Any picture in the material should be left out, while all other lines are copied exactly.

Provided data:
BEGIN
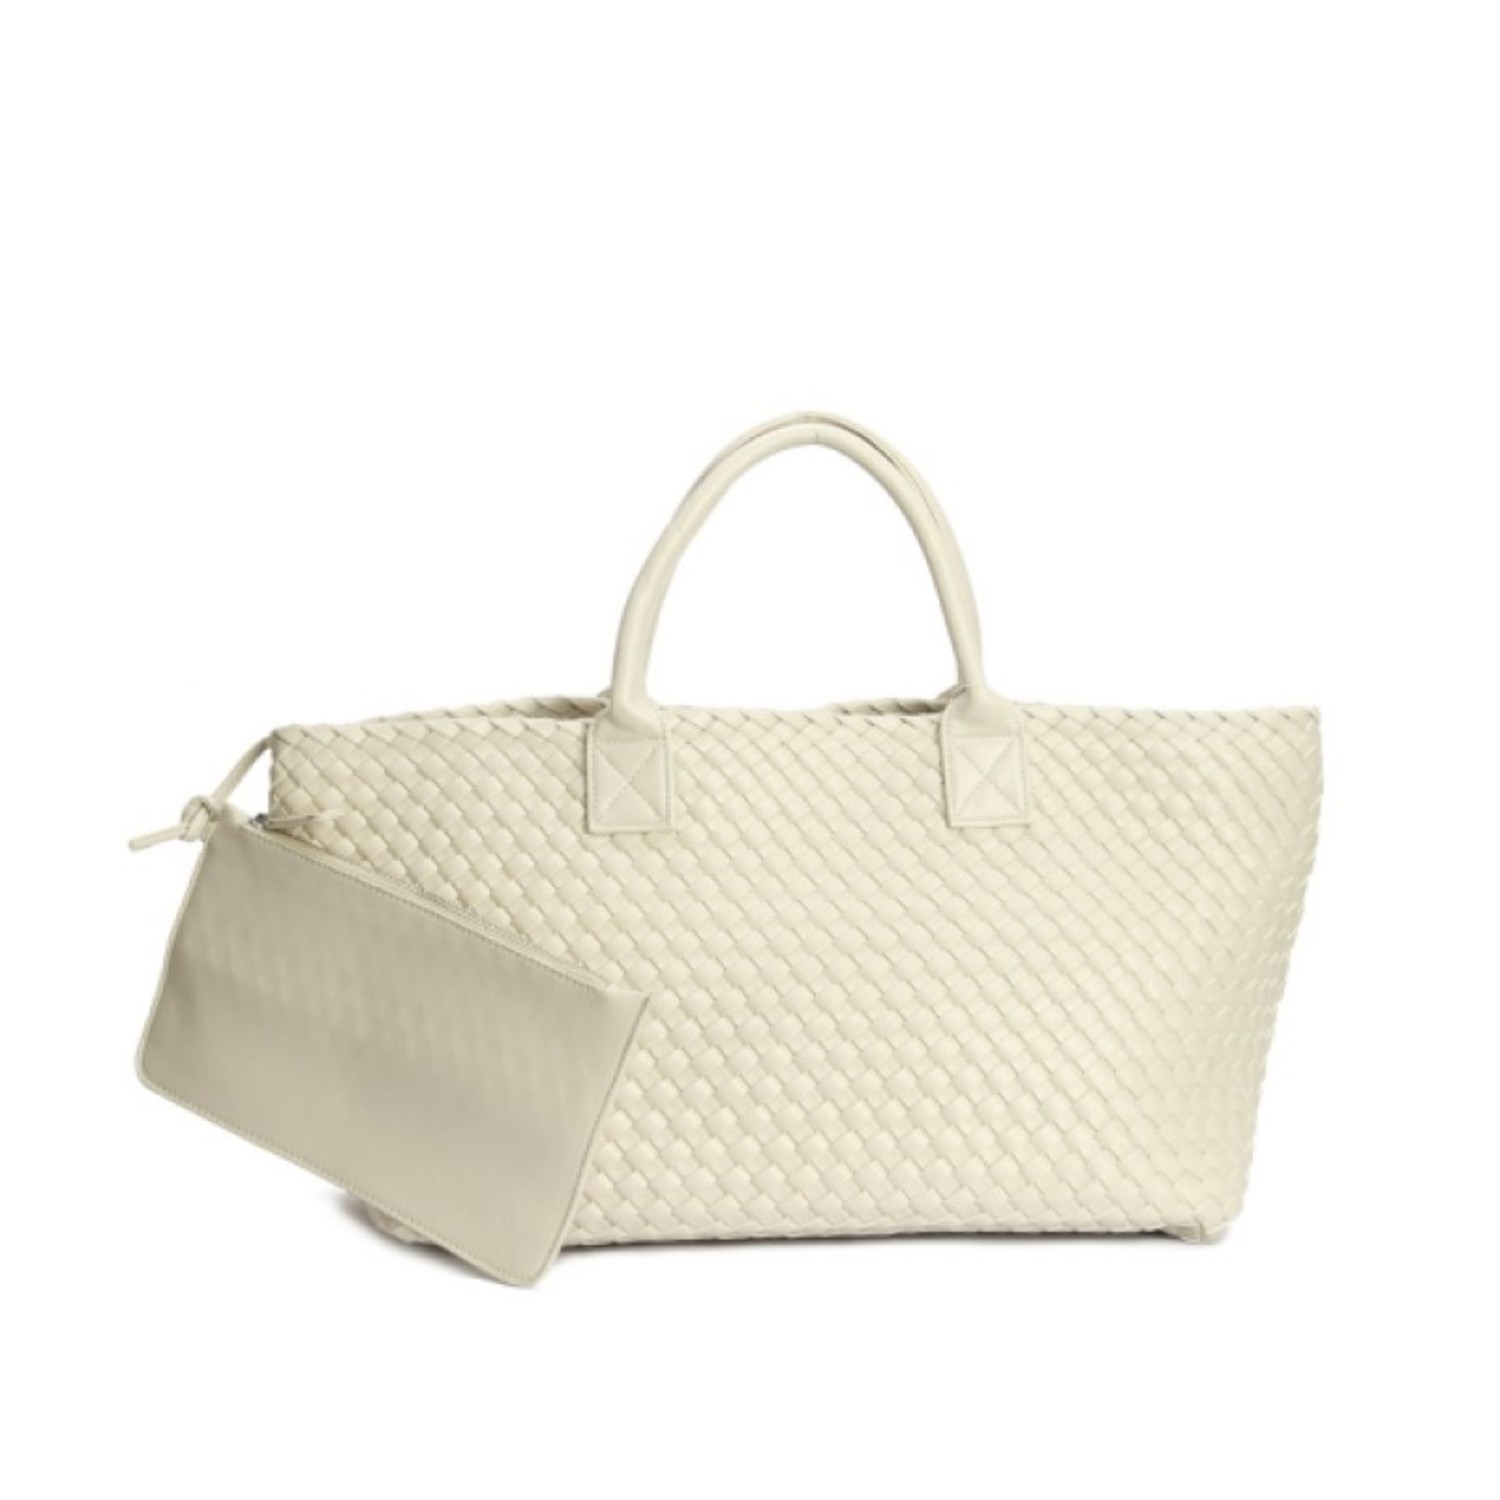 Shop METROCITY Women's White Bags
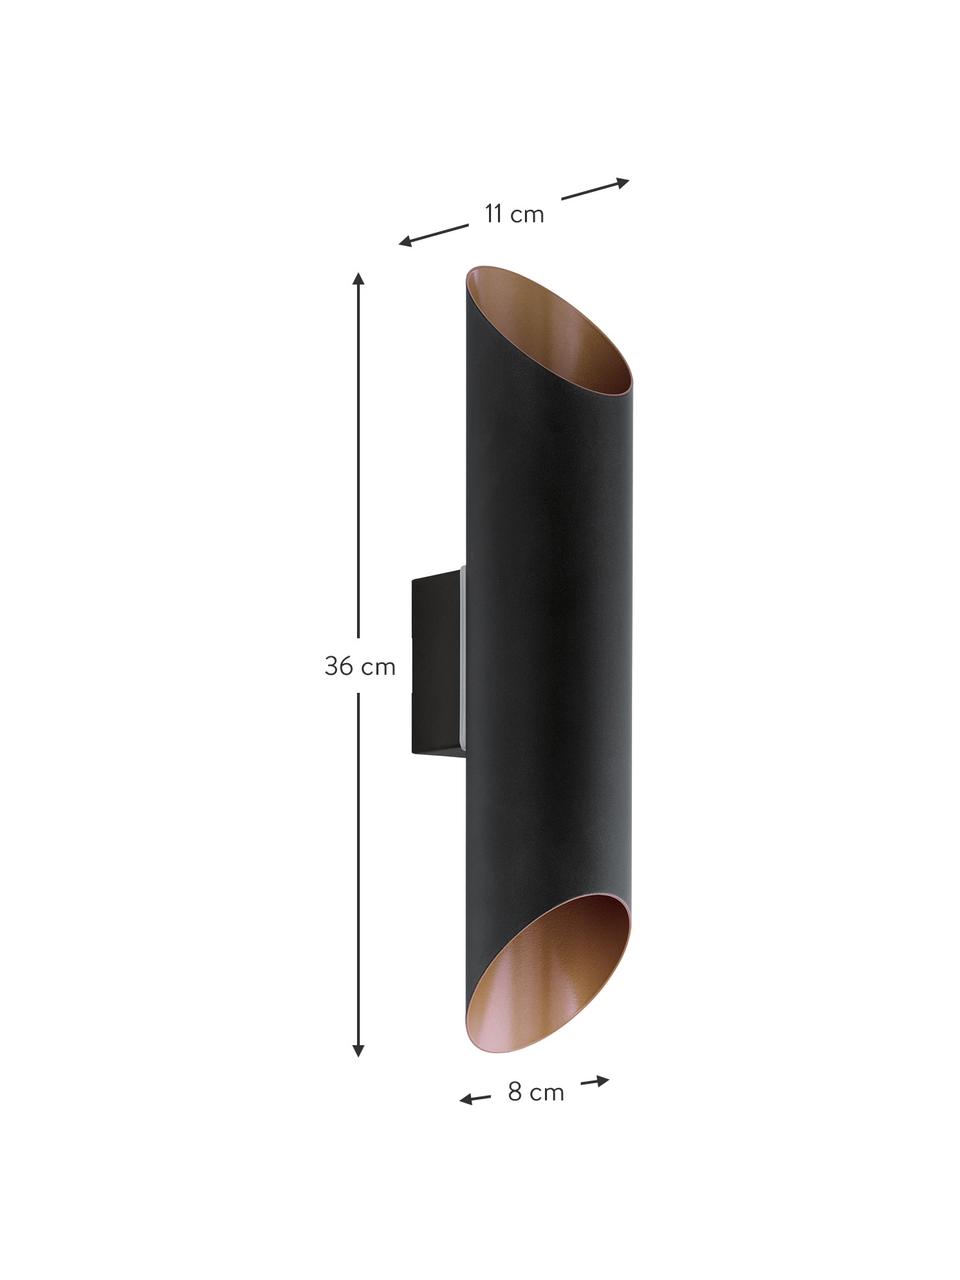 Outdoor wandlamp Agolada in zwart-koper, Lampenkap: verzinkt staal, Buitenzijde: zwart. Binnenzijde: koperkleurig, B 8 cm x H 36 cm
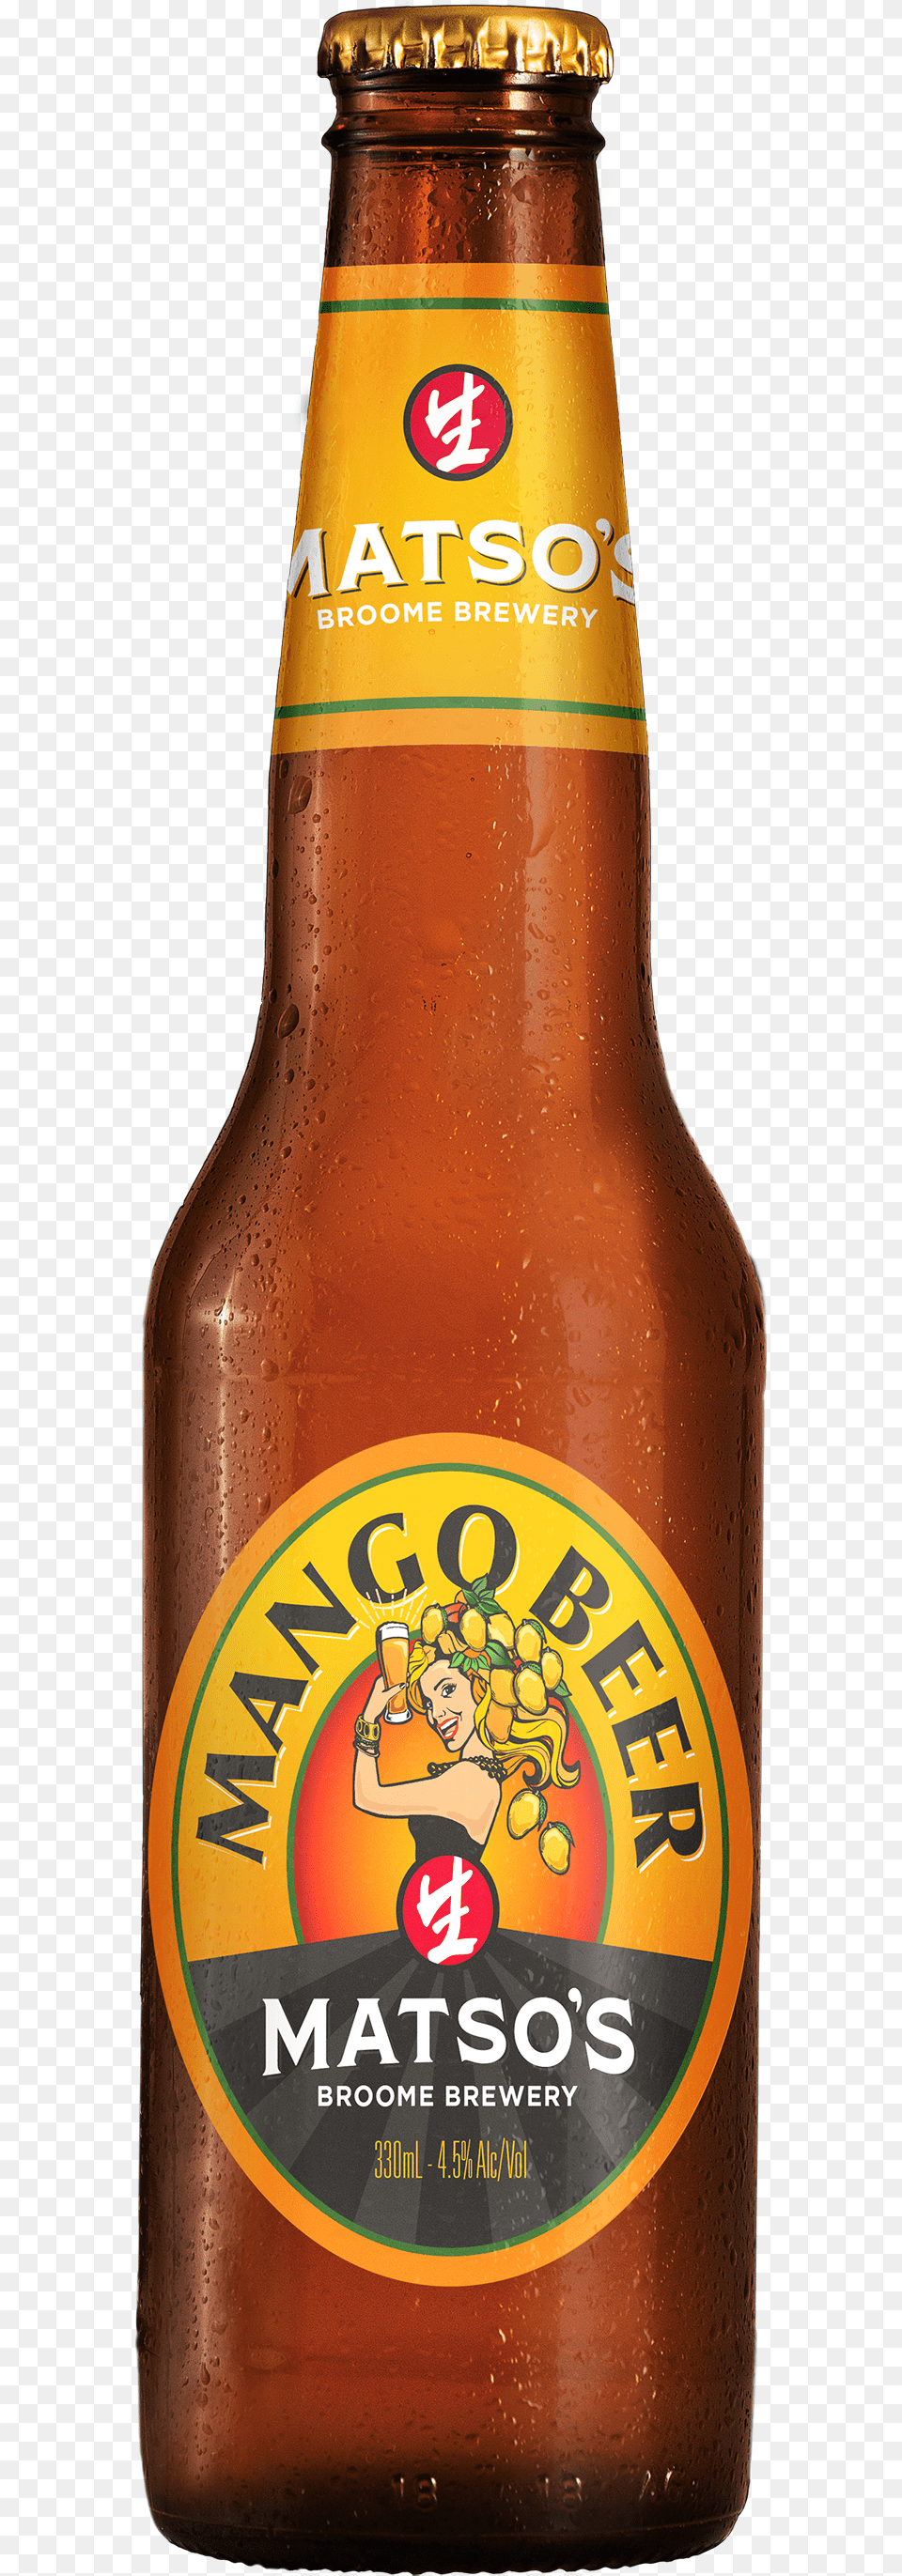 Mango Beer Beer Bottle, Alcohol, Beer Bottle, Beverage, Liquor Png Image
END
Problem solution:
 Shop METROCITY Women's White Bags
 Outdoor wandlamp Agolada in zwart-koper, Lampenkap: verzinkt staal, Buitenzijde: zwart. Binnenzijde: koperkleurig, B 8 cm x H 36 cm
 Mango Beer Beer Bottle, Alcohol, Beer Bottle, Beverage, Liquor Png Image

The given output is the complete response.